Bu tehdidin bir paranoya olmadığı geçenlerde Esed rejiminin dış işleri bakanının bizzat ağzıyla zikredip eliyle Hatay’ı işaret ederek “Burası bizim toprağımız ve yakında orayı geri alacağız” sözünden de çok açık bir şekilde anlaşılmaktadır.
Evet, tehdit büyüktür. İdlib’te yaşayan milyonların kaderi Türkiye’nin kaderini de etkileyecektir.

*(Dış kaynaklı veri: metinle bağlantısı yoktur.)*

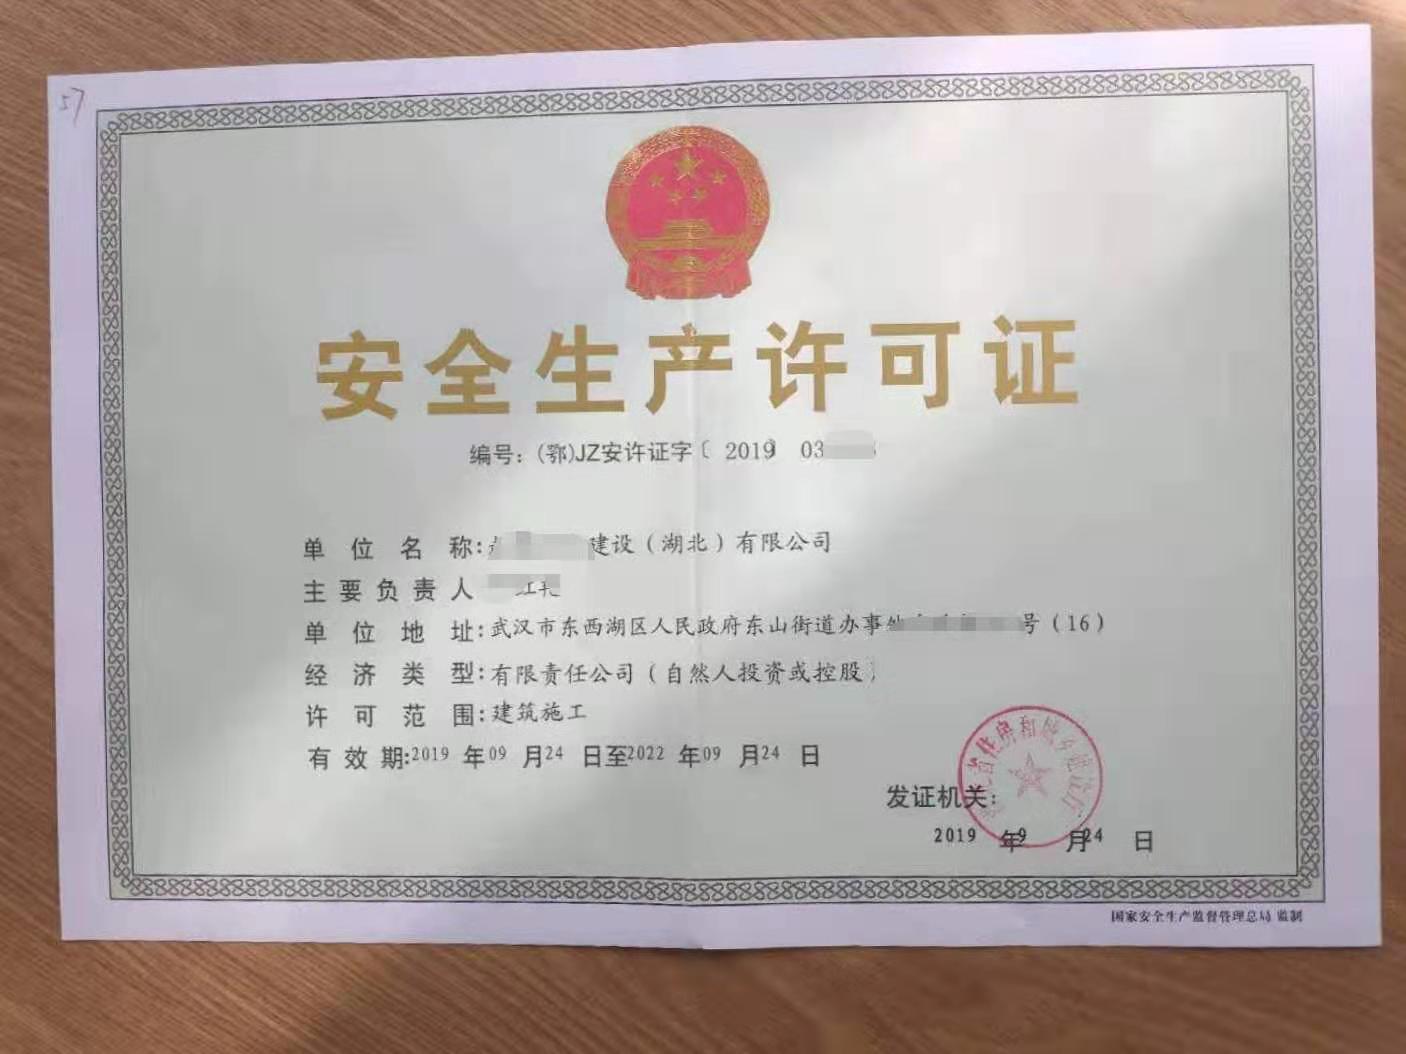 施工企业安全生产许可证

Her şeyden önce Allah’ın emri olan İslam kardeşliğinin bir gereği olarak İdlib’te ki kardeşlerimize yardım etmemiz üzerimize farzdır. Peygamber efendimizin salallahu layhi ve sellem’in hadisi şerifinde buyuruyor ki;
“Müslüman, müslümanın kardeşidir. Ona zulmetmez, haksızlık yapmaz, onu düşmana teslim etmez. Müslüman kardeşinin ihtiyacını gideren kimsenin Allah da ihtiyacını giderir. Kim bir müslümandan bir sıkıntıyı giderirse, Allah Teâlâ o kimsenin kıyamet günündeki sıkıntılarından birini giderir. Kim bir müslümanın ayıp ve kusurunu örterse, Allah Teâlâ da o kimsenin ayıp ve kusurunu örter.”
Ve yine jeopolitik ve stratejik bakımdan Türkiye’nin bekasını doğrudan etkilemesi ve ilgilendirmesinden ötürü İdlib’te ki mazlumlara yönelik bu saldırılara karşı elimizden gelenin fazlasını yapak zorundayız.
Son olarak rabbimizin şu ayeti kerimesindeki buyruğu ile açıklamamızı sonlandırıyorum.
وَلَا تَرْكَـنُٓوا اِلَى الَّذ۪ينَ ظَلَمُوا فَتَمَسَّكُمُ النَّارُۙ وَمَا لَكُمْ مِنْ دُونِ اللّٰهِ مِنْ اَوْلِيَٓاءَ ثُمَّ لَا تُنْصَرُونَ
“Zulmedenlere meyletmeyin. Yoksa size de ateş dokunur. Sizin Allah'tan başka dostlarınız yoktur. Sonra size yardım da edilmez.”
Hud Suresi 113
ASİM’in Basın Açıklaması Abdullah Adsan Hoca’nın okuduğu dua ile sona erdi.